Reproducibility: Two Opposing Views
Here are the basic arguments that John Ioannidis used to claim that more than half of all scientific discoveries are false, and that Leah Jager and Jeffrey Leek used to rebut his claim.
Most Published Discoveries Are False. Suppose that scientists test 1,000 hypotheses to see if they are true or false. Most scientific hypotheses are expected to be novel, perhaps even surprising, so a priori one might expect 90 percent of them to be false. (This number is very much open to debate.) Of the 900 false hypotheses, conventional statistical analysis, using a p-value of 5 percent, will result in 45 being declared true. Thus one would expect 45 “false positives.” For the 100 true hypotheses, the probability of detecting a positive effect is called the “power” of the experiment. A typical target that medical researchers strive for is 80 percent. Thus, Ioannidis argued, 80 of the 100 true hypotheses will be declared true. These are “true positives.” Both the false and true positives are presented as “discoveries” in the scientific literature. Thus, 45 out of 125 (36 percent) published discoveries will actually be false. If the a priori likelihood of a hypothesis being true is smaller, or if the power is lower, then the false discovery rate could be more than 50 percent, hence the title of Ioannidis’ paper.

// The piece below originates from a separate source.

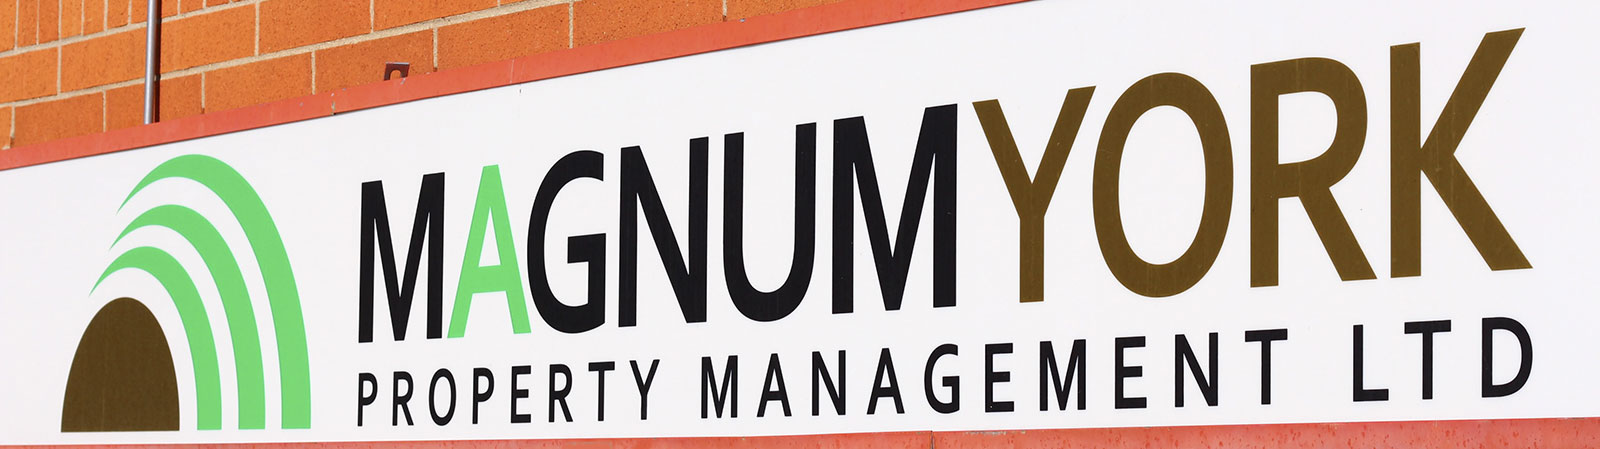 inside look magnum york property managers logo brick building blog post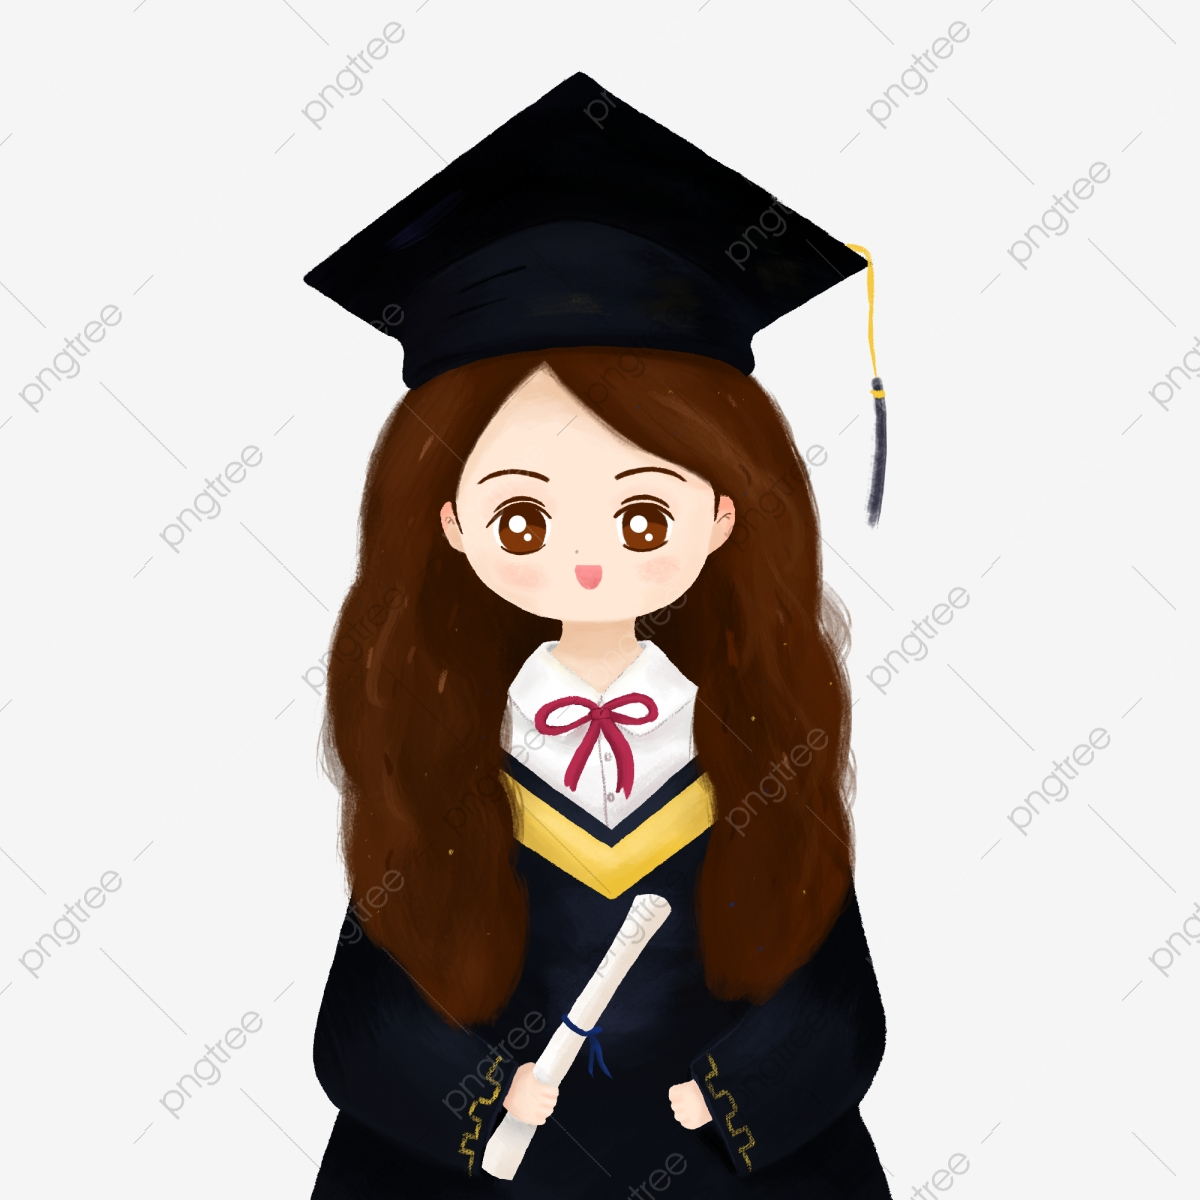 Diploma clipart doctorate degree. Cartoon graduation season doctor

Most Published Discoveries Are True. Like Ioannidis’ paper, Jager and Leek’s estimate was not based on evaluating the actual scientific merit of any papers. However, it did go a step beyond Ioannidis in the sense that it was based on empirical data. They reasoned that for the false hypotheses, the p-value should simply be a random number between 0 and 1. On the other hand, for the true hypotheses, they argued that the p-values should follow a distribution skewed toward zero, called a beta-distribution. They collected all the p-values reported in every abstract published in five major medical journals over a 10-year span and computed which distribution best matched the p-values they found. The result was a mix of 14 percent false positives, 86 percent true positives. Hence, they concluded, about 86 percent of published discoveries in those five journals are true, with only 14 percent false.